Все было сделано, как подобает обряд погребения: Адда была оплакана и положена в землю. Когда проповедник ушел и оставил меня одного около свежего могильного холма, я покрутил над могилой рукой и из камней, разбросанных везде, создал надгробие с красовавшейся там надписью: «Адда Гиблер» и изображением розы. Я вставил его в промерзшую землю. Постоял над могилкой несколько минут и ушел.
В коллегии была объявлена тризна. Все поминали Адду. Многие в коллегии знали ее, как добрую, стремящуюся помочь всем, женщину.
Эти события не могли не отразиться на Дереке. В тот день в нем что-то сломалось. Когда закончилась тризна и прошло какое-то время, его не веселило ничего: улыбка-то на лице была, но вот в душе… Это же отразилось и на магии. Он не мог сконцентрироваться. Любое заклинание выходило плохо, а вскоре и вовсе перестало получаться. Я освободил его от занятий, как в коллегии, так и с капитаном. Дал ему время оправиться. Но даже после этого у него ничего не получалось.
Тогда я стал заниматься с ним лично. Мы часами медитировали на вершине здания коллегии под сильным ветром, дующим с гор и с моря. Я водил его к месту силы, что находилось у вершины кряжа Северных гор. Там была обустроена каменная площадка, с которой открывался удивительный вид на бушующее море и плавающие в нем ледники.
Мы оттачивали технику и стойки, повторяли магические формулы. Но как только дело доходило до практического применения все рушилось.

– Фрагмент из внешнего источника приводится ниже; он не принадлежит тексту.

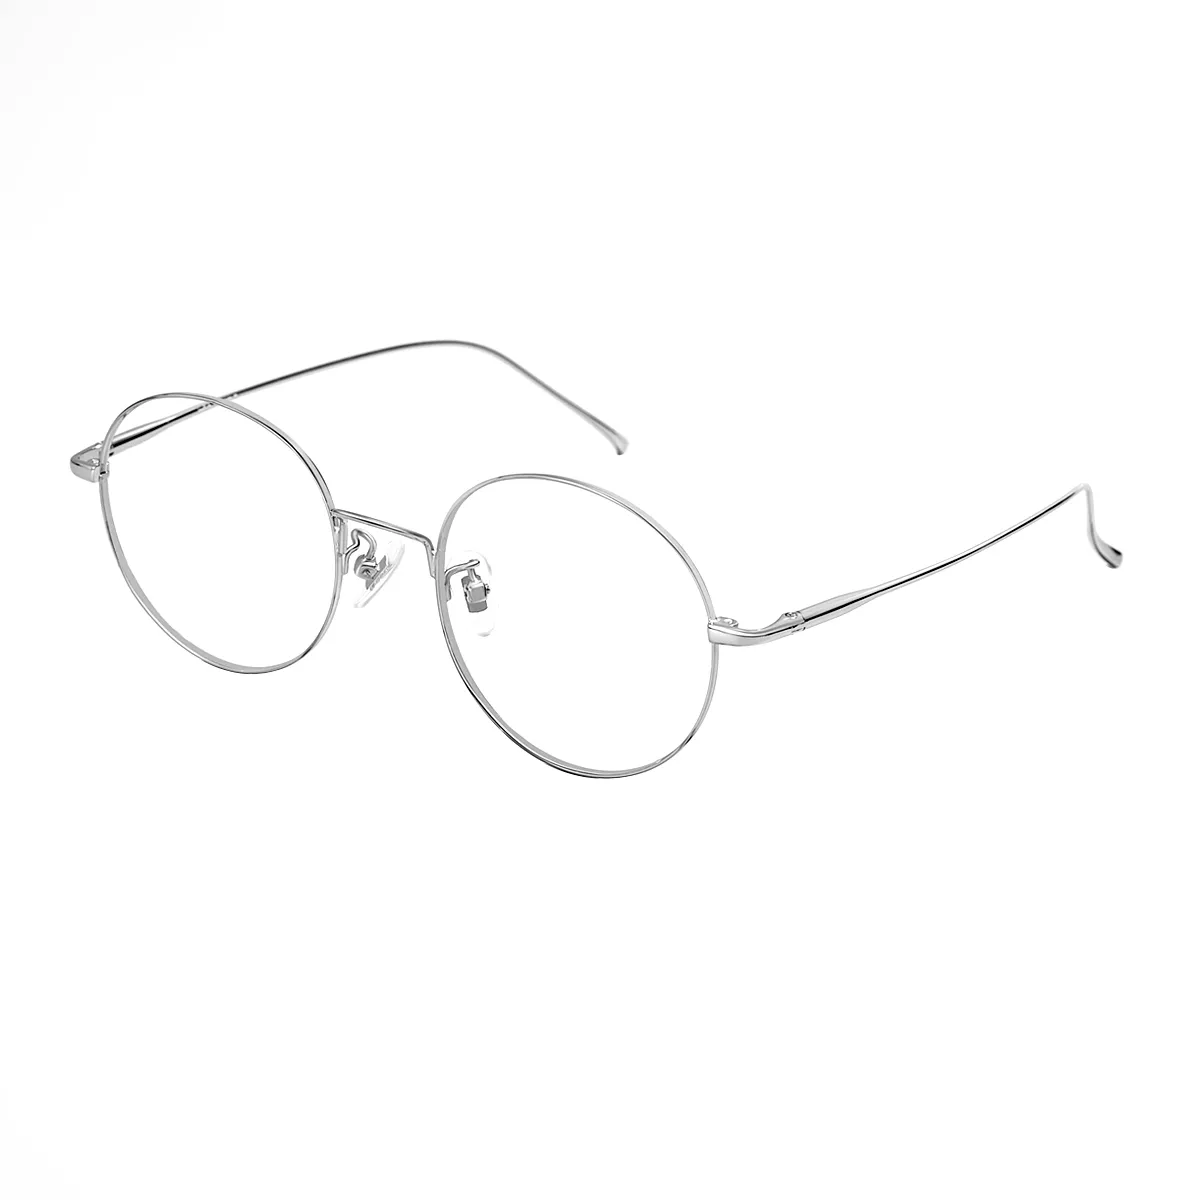 Renata - Round Silver Glasses for Women

В 325 году скончался князь Магнус II. Его похоронили в фамильном склепе за княжеским чертогом. Его место занял сын, который приехал в Колдрамм годом ранее. Все старосты шахтерских деревень княжества приехали на поклон новому правителю. Я тоже отправился предстать перед новым князем.

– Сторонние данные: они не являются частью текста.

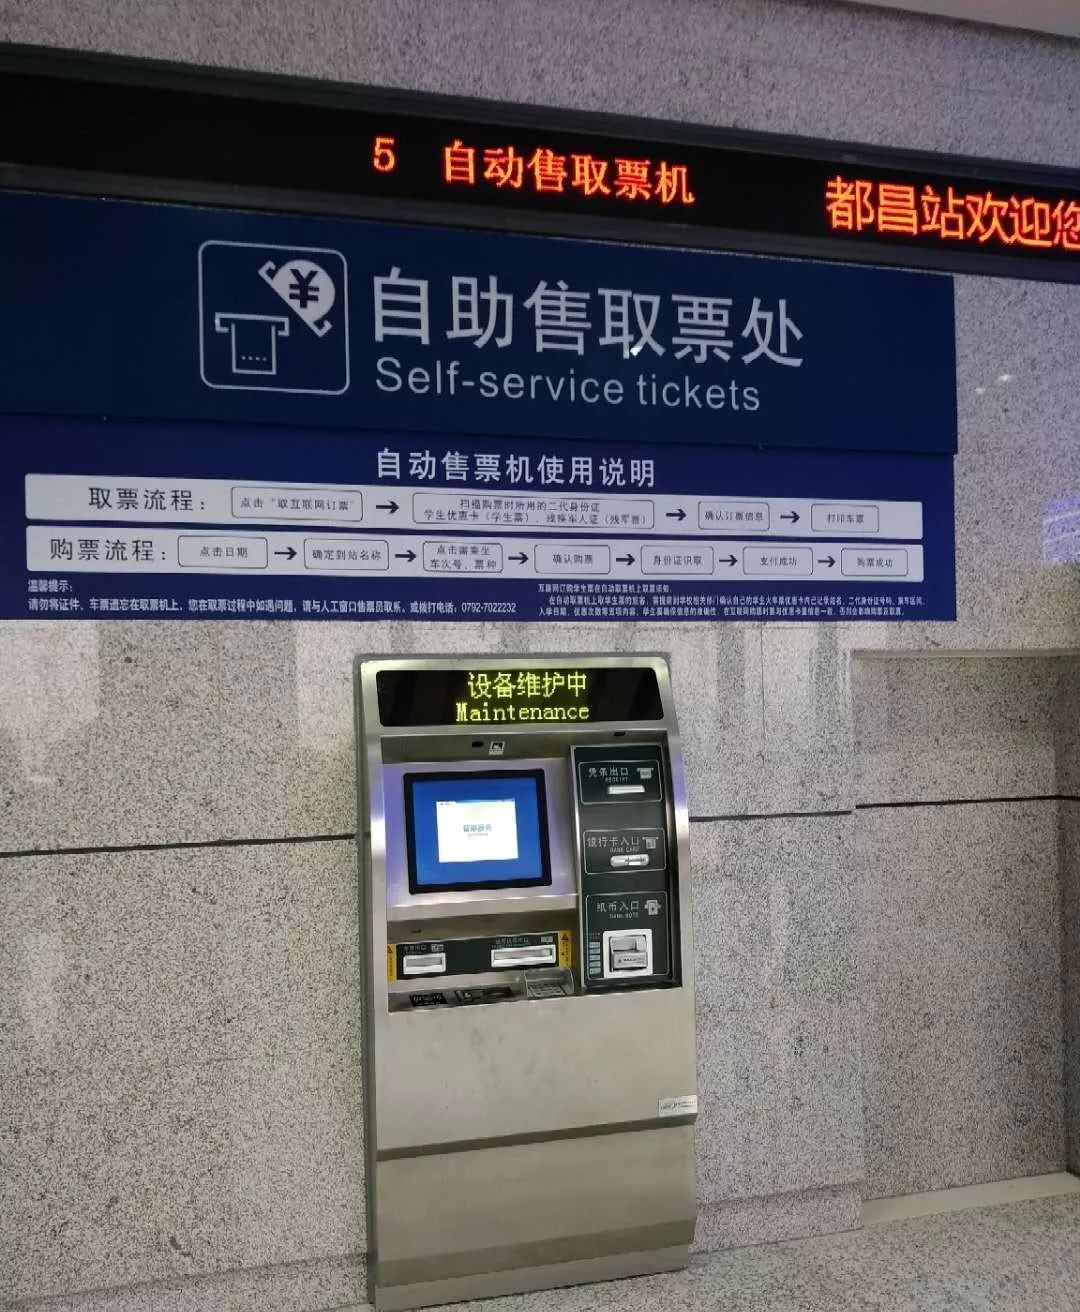 自动取票机 自动取票机取票流程图_火车站里的公共设施有哪些

Чертог был полон: старосты и стражники сидели за столами набитыми яствами и проводили тризну. Темный зал все также освещал очаг посредине и несколько факелов. Князь Торбьёрн сидел на троне, голова лежала на сложенной в кулак ладони, на пальцах которой поблескивали перстни, а рука опиралась на подлокотник. Молодое лицо, ястребиные глаза, кривой нос, рыжие волосы. Магнусовская порода проглядывалась в нем.
Завидев меня, он встал и развел руки в разные стороны то ли пытаясь обнять меня, то ли просто обрадовавшись моему появлению.
— Архимаг Соворус Марет! — заговорил он звонким голосом. — Я рад вашему появлению!
— Князь! — произнес я и поклонился. Когда выпрямился, продолжил. — Я соболезную вашей утере. Я явился для почтения вас, князь.